Comment by jorvi

Comment by jorvi 3 days ago

6 replies

Well, for the two examples I named:

vm.swappiness defaults to 60, which is default from when everyone was still running spinning rust with a swap partition. Servers these days usually have very specific storage+memory configurations, whereas the usual desktop or laptop has an SSD and 16GB+ of RAM with RAM compression expanding it.

Lazy RCU loading is good on a laptop because you only lose about 10% performance and only with specific workloads, but your idle and light load energy consumption improves. Most laptops spend like 95%+ in light or idle load scenarios. Conversely, on a desktop you don't care (much) about idle and light load energy consumption, you only care about keeping max load consumption low enough so that your fans stay quiet. And on a workstation you don't care about a system being whisper quiet so you can go nuts with the energy consumption.

prmoustache 3 days ago

> vm.swappiness defaults to 60, which is default from when everyone was still running spinning rust with a swap partition. Servers these days usually have very specific storage+memory configurations, whereas the usual desktop or laptop has an SSD and 16GB+ of RAM with RAM compression expanding it.

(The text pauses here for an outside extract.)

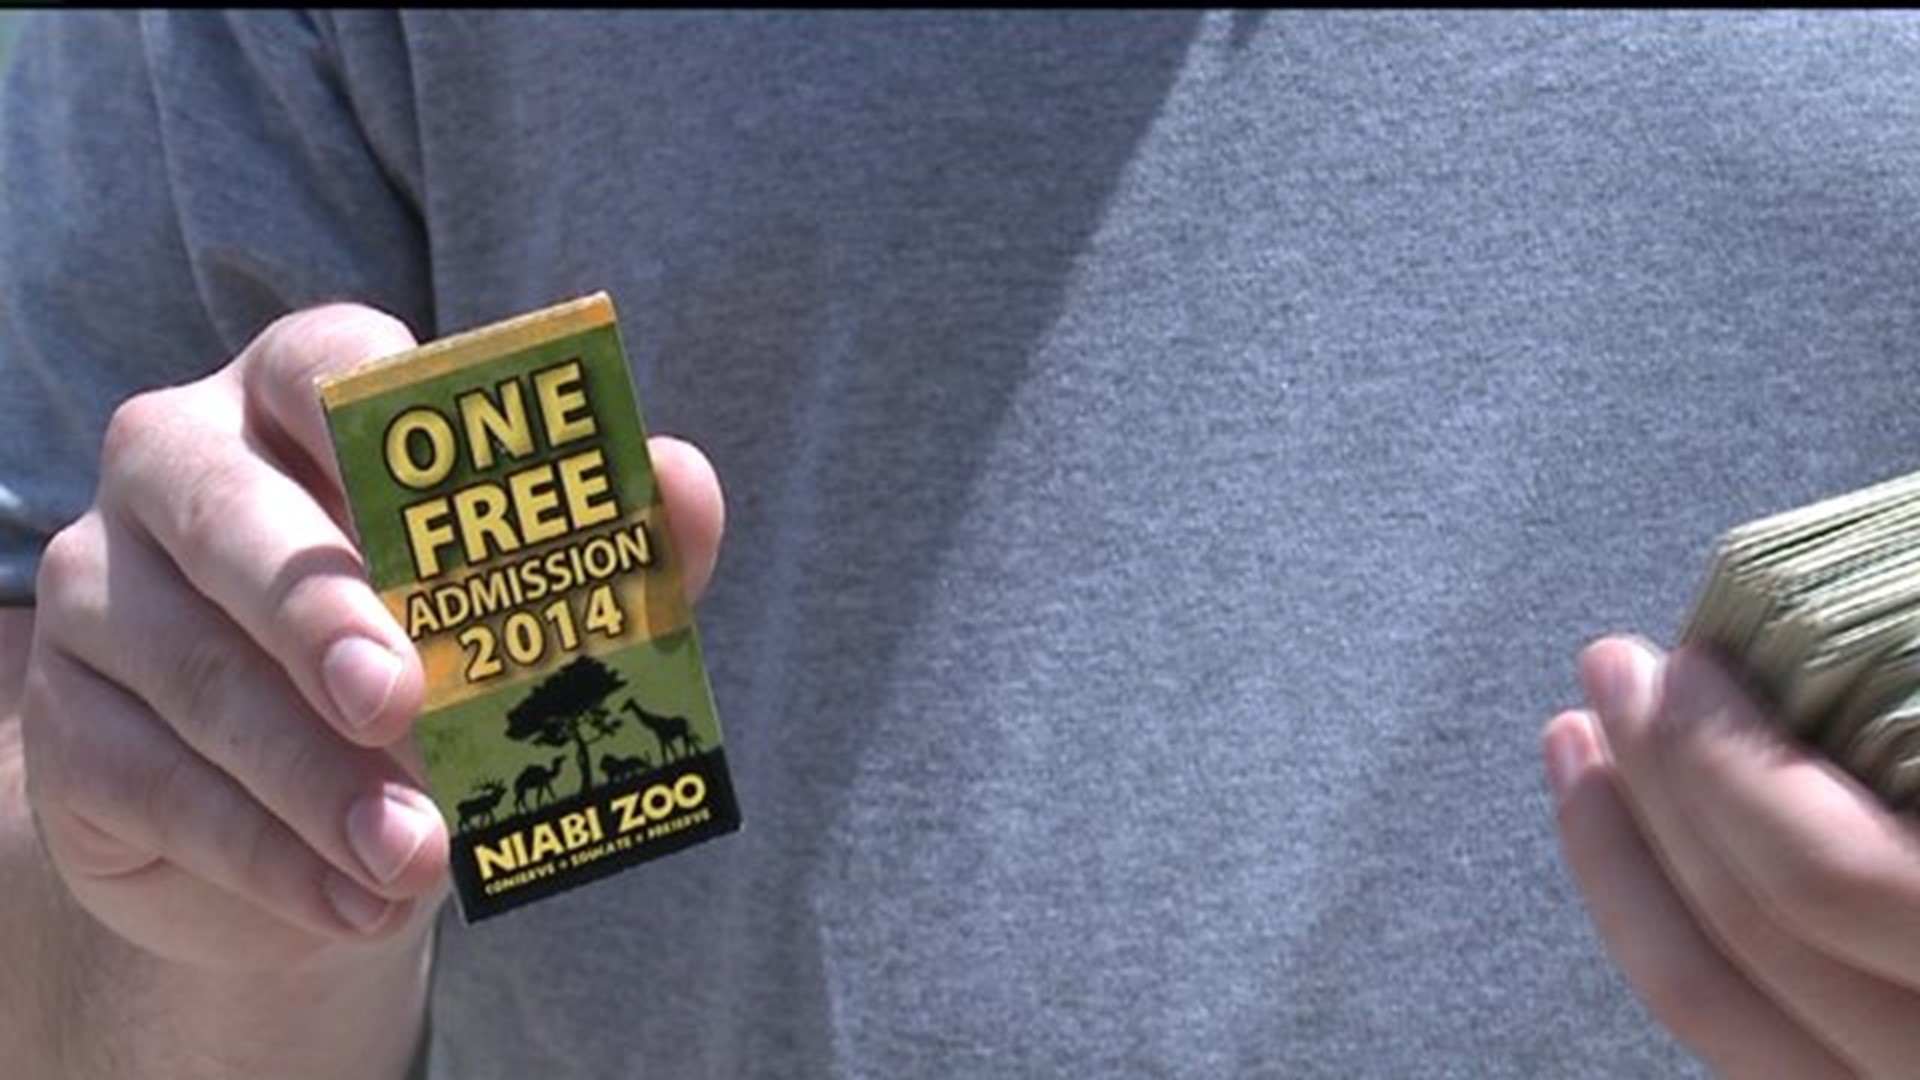 Zoo director clarifies free passes policy

You don't need to compile a specific kernel for that, this is setup via sysctl.

jcalvinowens 3 days ago

> Lazy RCU loading is good on a laptop

Do you mean RCU_LAZY? Most distros will already enable that: it doesn't do anything without rcu_nocbs, so there's no negative impact on server workloads.

    [calvin@debian-trixie ~] grep RCU_LAZY /boot/config-6.12.57+deb13-amd64
    CONFIG_RCU_LAZY=y
    # CONFIG_RCU_LAZY_DEFAULT_OFF is not set
    [calvin@debian-trixie ~] grep RCU_NOCB_CPU /boot/config-6.12.57+deb13-amd64 
    CONFIG_RCU_NOCB_CPU=y
    # CONFIG_RCU_NOCB_CPU_DEFAULT_ALL is not set
https://git.kernel.org/pub/scm/linux/kernel/git/torvalds/lin...

You just have to set rcu_nocbs on the kernel cmdline.

johnny22 3 days ago

Swappiness and many others can be changed by some sort of system preset rather built that way. I know not ALL options can be done that way, but I'd want to see changes start there where feasible.

malwrar 3 days ago

I totally missed that part of your comment, my bad. Thanks for elaborating on those, I feel inspired to experiment!

So far my kernel journey has been about making my hardware work + enabling features, and that’s mostly how I’ve been discovering config options. Do you have any suggestions on where one aught to read further on this sort of kernel tuning?

EDIT: doing some further research, couldn’t you just set those options via sysctl w/o needing to build a separate kernel?

  • jorvi 2 days ago

    Yes you can adjust them via sysctl or directly as kernel parameter arguments. That isn't my point. My point is that Linux has some horrible defaults :+)

    • malwrar a day ago

      Makes sense! Thanks for turning me on to them, I hadn’t come across those yet in my journey.